En refermant votre livre, on a le sentiment que beaucoup de richesses agricoles ont été sacrifiées sur l’autel du productivisme en Bretagne. Est-il encore possible de croire que cette région peut inventer un nouveau modèle ?
Carrément ! L’une des raisons qui explique pourquoi les Bretons ont été aussi performants dans la culture hors sol et la course au volume, c’est cet esprit breton, fait de niaque et de volontarisme. Je suis convaincu que nous sommes capables de nous fixer un nouvel objectif. Ce ne sera pas simple, il y aura encore de la sueur et des larmes, mais c’est de toute façon ce qui nous attend si nous ne faisons rien. Ici, il y a l’énergie, et un mille-feuille de terroirs exceptionnels, avec des terres plus ou moins acides ou alcalines, des fonds de vallées, des abers, des influences maritimes, des climats plus ou moins frais, doux, humides ou secs… C’est un pays de Cocagne qu’on a largement standardisé. L’agro-industrie a cherché à créer un caractère identitaire autour de sa production : le porc breton, la volaille bretonne… Mais cela ne fonctionne pas vraiment auprès du grand public : personne ne s’identifie au jambon breton : les touristes ne vont pas visiter la Cooperl ! Alors qu’on ramène du jambon lorsqu’on va en vacances au Pays basque ! C’est un symbole. Attention : je ne dis pas qu’il faut rendre notre agriculture « patrimoniale », uniquement tournée vers le pittoresque ou l’excellence culinaire. Je dis qu’il est possible d’allier productivité et protection voire régénération du vivant, façonnement de nouveaux terroirs et avènement d’une nouvelle « alliance » entre paysans et non-paysans, urbains et ruraux.

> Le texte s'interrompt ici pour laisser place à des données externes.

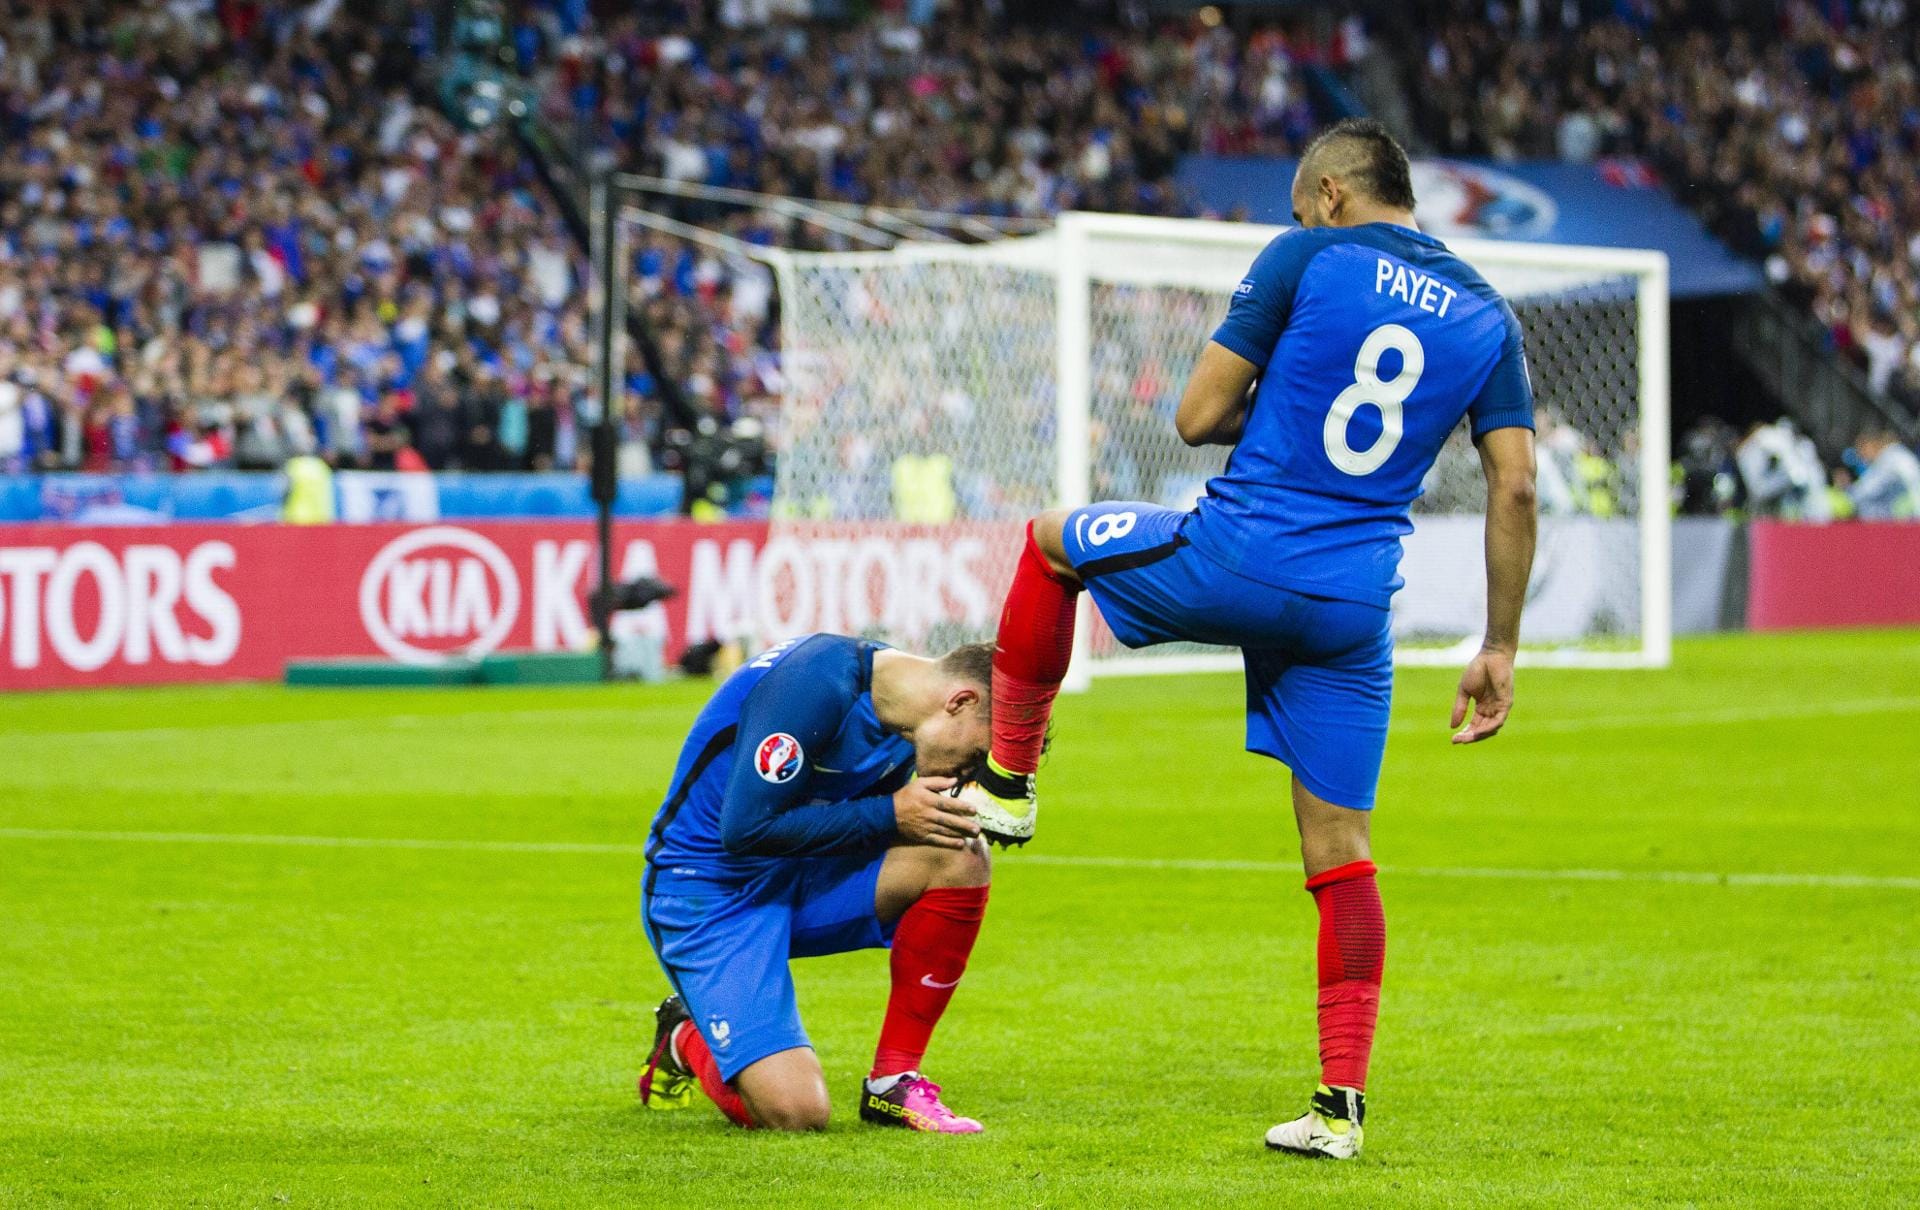 Küss den Schuh: Antoine Griezmann (Frankreich) küsst den Schuh von Dimitri Payet, nachdem dieser ein Tor gegen Island geschossen hat.

Vous gardez espoir que le modèle évolue ?
Je suis éco-anxieux, mais l’éco-anxiété, c’est le nouveau nom de la lucidité en 2023 ! Je garde espoir parce que j’ai des enfants, parce que j’ai étudié de près l’effondrement de l’Union soviétique : l’histoire peut vraiment nous surprendre. La nouvelle génération qui va arriver aux manettes, si elle n’est pas trop « tiktokisée », va se rendre compte que les quatre précédentes ont bousillé son avenir. Cela peut produire de la révolte, mais aussi une énergie créatrice pour inventer un autre modèle.
Dernière question, plus personnelle : votre enquête vous a conduit sur les rives de la Mignonne, un petit fleuve du Finistère qui porte les stigmates de l’agriculture intensive. On vous sent très touché par ce paysage…

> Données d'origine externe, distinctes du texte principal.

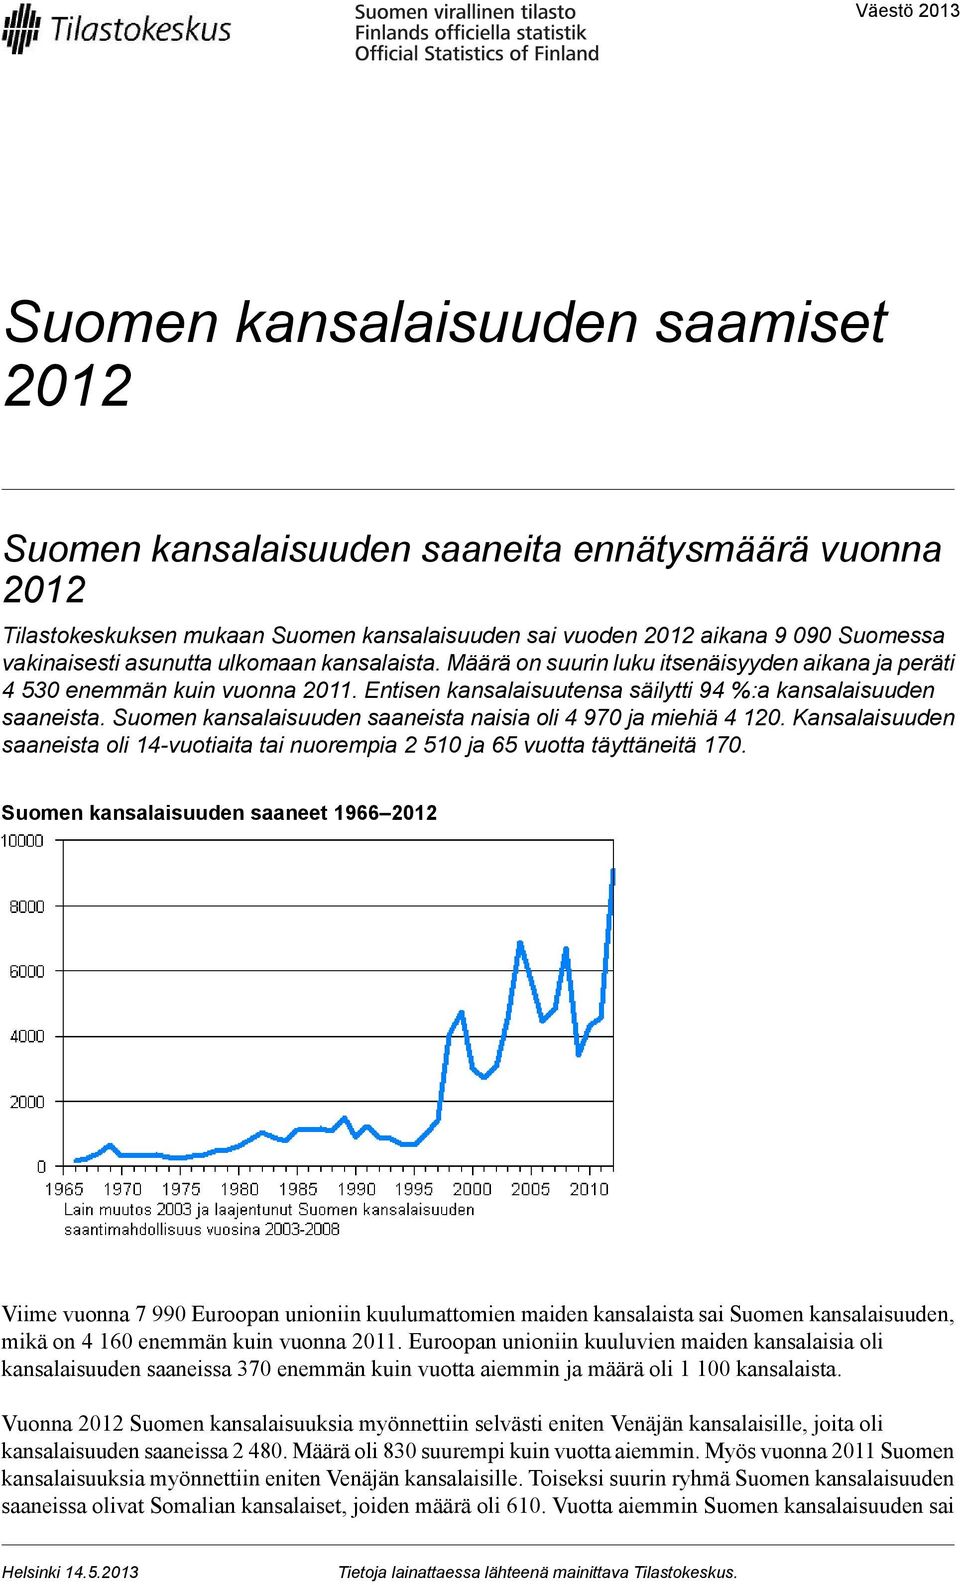 Suomen kansalaisuuden saaneista naisia oli 4 90 ja miehiä 4 10. Kansalaisuuden saaneista oli 14vuotiaita tai nuorempia 510 ja 65 vuotta täyttäneitä 0.

Oui, car moi aussi, j’ai « ma » rivière, loin de la Mignonne, que j’ai vu changer au fil des ans. Et puis, ce coin de Finistère, c’est celui des frères Glinec, Olivier et Jean-François. Ce sont des paysans mais aussi des naturalistes, qui connaissent leur milieu et leurs paysages, j’ai beaucoup de respect pour leur travail. Ils sont productifs, ils ont ouvert leur ferme à d’autres, à condition que la rentabilité soit au rendez-vous. C’est certainement une voie à suivre.